Item numbers are shown in brackets.
Reverse‐scored items.
Factor 1 included five items concerning positive mealtime emotions related to being prepared, comfortable, in control of own emotions and confident in dealing with any child distress. This factor is labelled 'MEM‐P Efficacy' and explained 41.1% of the variance. Factor 2 included six items concerned with negative mealtime emotions, such as nervousness and anxiety. This factor explained 14.2% of the variance and is labelled 'MEM‐P Anxiety'. This factor includes the same items as the MEM‐A Anxiety‐related subscale among adolescents (White et al., 2015). The final factor, Factor 3, included five items which also related to negative mealtime emotions, but these were concerned with anger, frustration, not being relaxed and lower levels of happiness. This factor is labelled 'MEM‐P Stress and Anger' and explained 7.30% of the variance.
The three factors were highly correlated. MEM‐P Efficacy was significantly negatively correlated with both MEM‐P Anxiety (r = −0.46; p < 0.001) and MEM‐P Stress and Anger (r = −0.53; p < 0.001). Significant positive correlations were also reported between MEM‐P Anxiety and MEM‐P Stress and Anger (r = 0.67; p < 0.001).
2.2.2. Convergent validity of MEM‐P
To assess the convergent validity of the MEM‐P in relation to general affect, the mealtime subscales were correlated with both HADS subscales. Significant negative associations were found between the MEM‐P Efficacy subscale and both HADS Anxiety and Depression respectively (r = −0.38; r = −0.48; both p < 0.001).

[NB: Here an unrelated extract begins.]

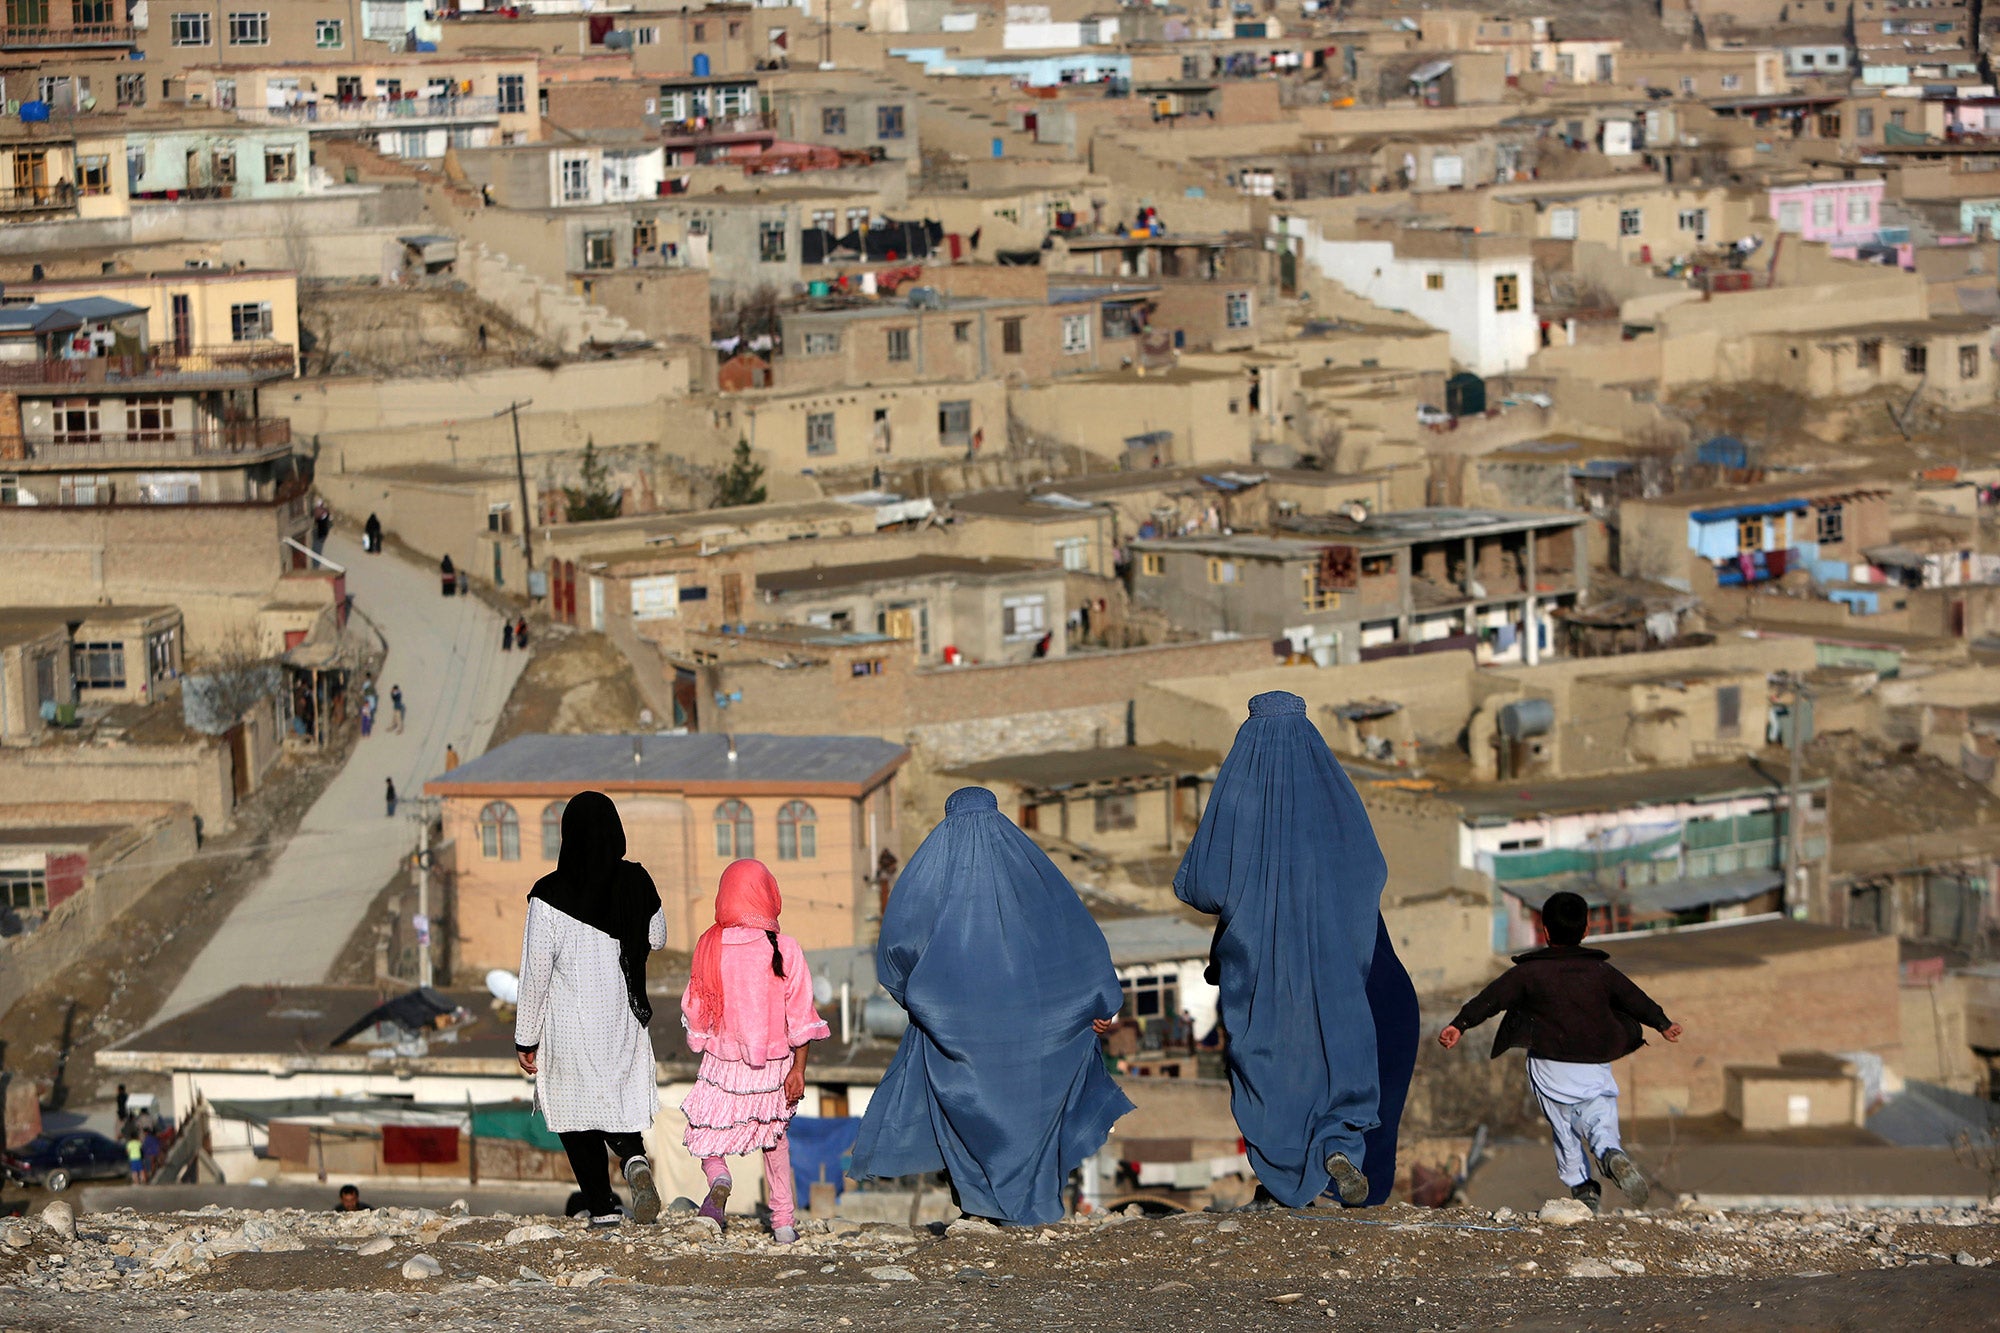 Aproape că nu se mai aude: Ce se mai întâmplă în Afganistan

Similarly, significant positive correlations were reported between both the MEM‐P Anxiety and MEM‐P Stress and Anger subscales and both HADS Anxiety (r = 0.44; r = 0.42; both p < 0.001), and Depression (r = 0.37; r = 0.38; both p < 0.001).
Good levels of reliability were found within the current sample and convergent validity with general affect (anxiety and depression), supporting the use of the MEM‐P for further research with parents.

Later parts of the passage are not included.